Having the token, we can start making requests against Repos API. The first request we want to make in our flow is for getting the repos.

$azureDatabricksReposUri = "https://$env:AZURE_DATABRICKS_WORKSPACE_INSTANCE_NAME/api/2.0/repos"
$azureDatabricksReposHeaders = @{ Authorization = "Bearer $azureAdAccessToken" }

$azureDatabricksReposResponse = Invoke-RestMethod -Method GET -Uri $azureDatabricksReposUri -Headers $azureDatabricksReposHeaders

The $azureDatabricksReposHeaders will be used for subsequent requests as well, because we assume that the access token shouldn't expire before all repos are updated (the default expiration time is ~60 minutes). There is one more assumption here - that there are no more than twenty repos. The results from the /repos endpoint are paginated (with twenty being the page size) which the above script ignores. If there are more than twenty repos, the script needs to be adjusted to handle that.

Once we have all the repos we can iterate through them and update those which have matching URL (in case different repositories than the current one has also been mapped) and branch (so we don't perform unnecessary updates).

$githubRepositoryUrl = $env:GITHUB_REPOSITORY_URL.replace("git://","https://")

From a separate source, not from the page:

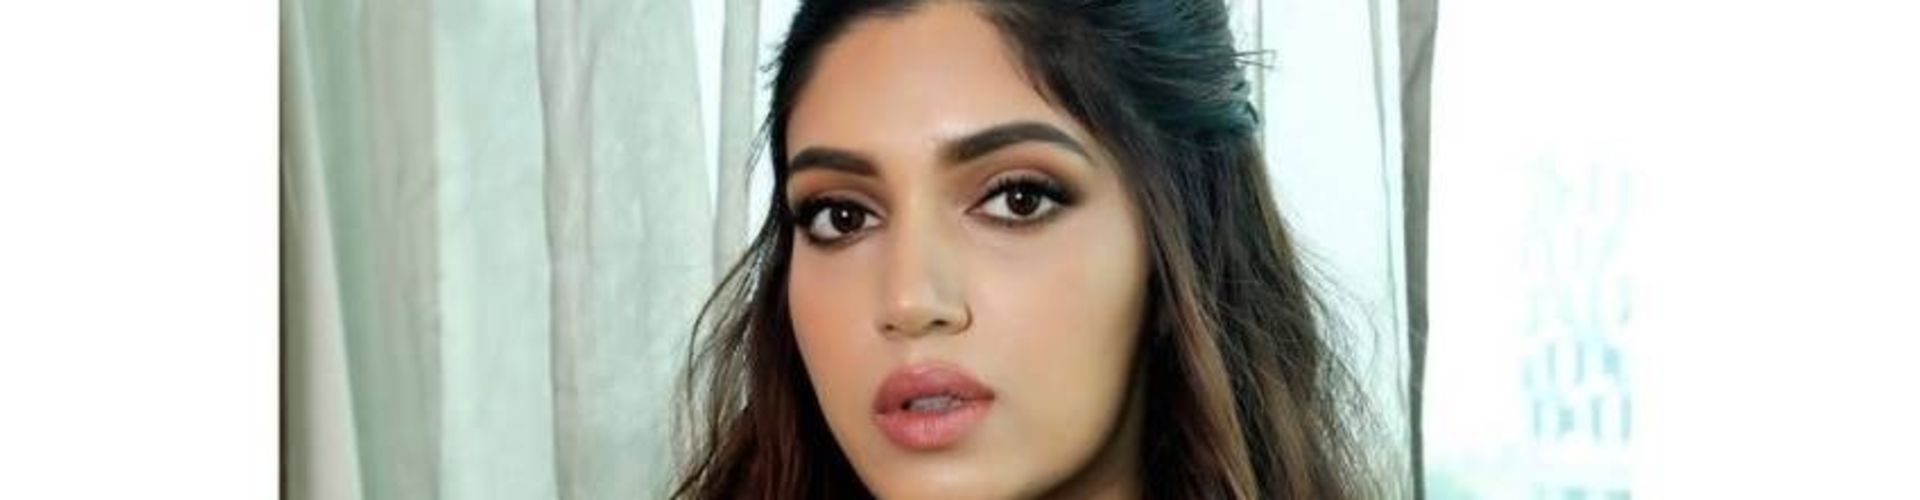 Durgamati Was Quite Challenging And Special Film For Me Says Bhumi Pednekar

foreach ($azureDatabricksRepo in $azureDatabricksReposResponse.repos)
{
    if (($azureDatabricksRepo.url -eq $githubRepositoryUrl) -and ($azureDatabricksRepo.branch -eq $env:GITHUB_BRANCH_NAME))
    {
    $azureDatabricksRepoId = $azureDatabricksRepo.id;
    $azureDatabricksRepoUri  = "https://$env:AZURE_DATABRICKS_WORKSPACE_INSTANCE_NAME/api/2.0/repos/$azureDatabricksRepoId"
    $updateAzureDatabricksRepoBody = @{ "branch" = $azureDatabricksRepo.branch }

    Invoke-RestMethod -Method PATCH -Uri $azureDatabricksRepoUri -Headers $azureDatabricksReposHeaders -Body ($updateAzureDatabricksRepoBody|ConvertTo-Json)
    }
}

The GITHUB_REPOSITORY_URL and GITHUB_BRANCH_NAME are being injected into environment variables from github context of the action.

That's all the logic we need, you can find the complete workflow here. Sadly, at least in our case, it has thrown the following error on the first run.

{"error_code":"PERMISSION_DENIED","message":"Missing Git | provider credentials. Go to User Settings > Git Integration to | add your personal access token."}

The error does make sense. After all, from the perspective of Azure Databricks, the service principal is a user and we have never configured GitHub credentials for that user. This raised two questions.

The first question was, which GitHub user should those credentials represent? This is where the concept of a GitHub machine user comes into play. A GitHub machine user is a GitHub personal account, separate from the GitHub personal accounts of engineers/developers in your organization. It should be created against a dedicated email provided by your IT department and used only for automation scenarios.

The second question was, how to configure the credentials. You can't launch the Azure Databricks workspace as the service principal user and do it through the UI. Luckily, Azure Databricks provides Git Credentials API which can be used for this task. You can use Postman (or any other tool of your preference) to first make the described above request for Azure AD access token, and then make the below request to configure the credentials.

https://<WORKSPACE_INSTANCE_NAME>/api/2.0/git-credentials
Content-Type: application/json

{
   "personal_access_token": "<GitHub Machine User Personal Access Token>",
   "git_username": "<GitHub Machine User Username>",
   "git_provider": "GitHub"
}

After this operation, the GitHub Actions workflow started working as expected.

What This Is Not

This is not CI/CD for Azure Databricks. This is just a process supporting daily development in the Azure Databricks context. If you are looking for CI/CD approaches to Azure Databricks, you can take a look here.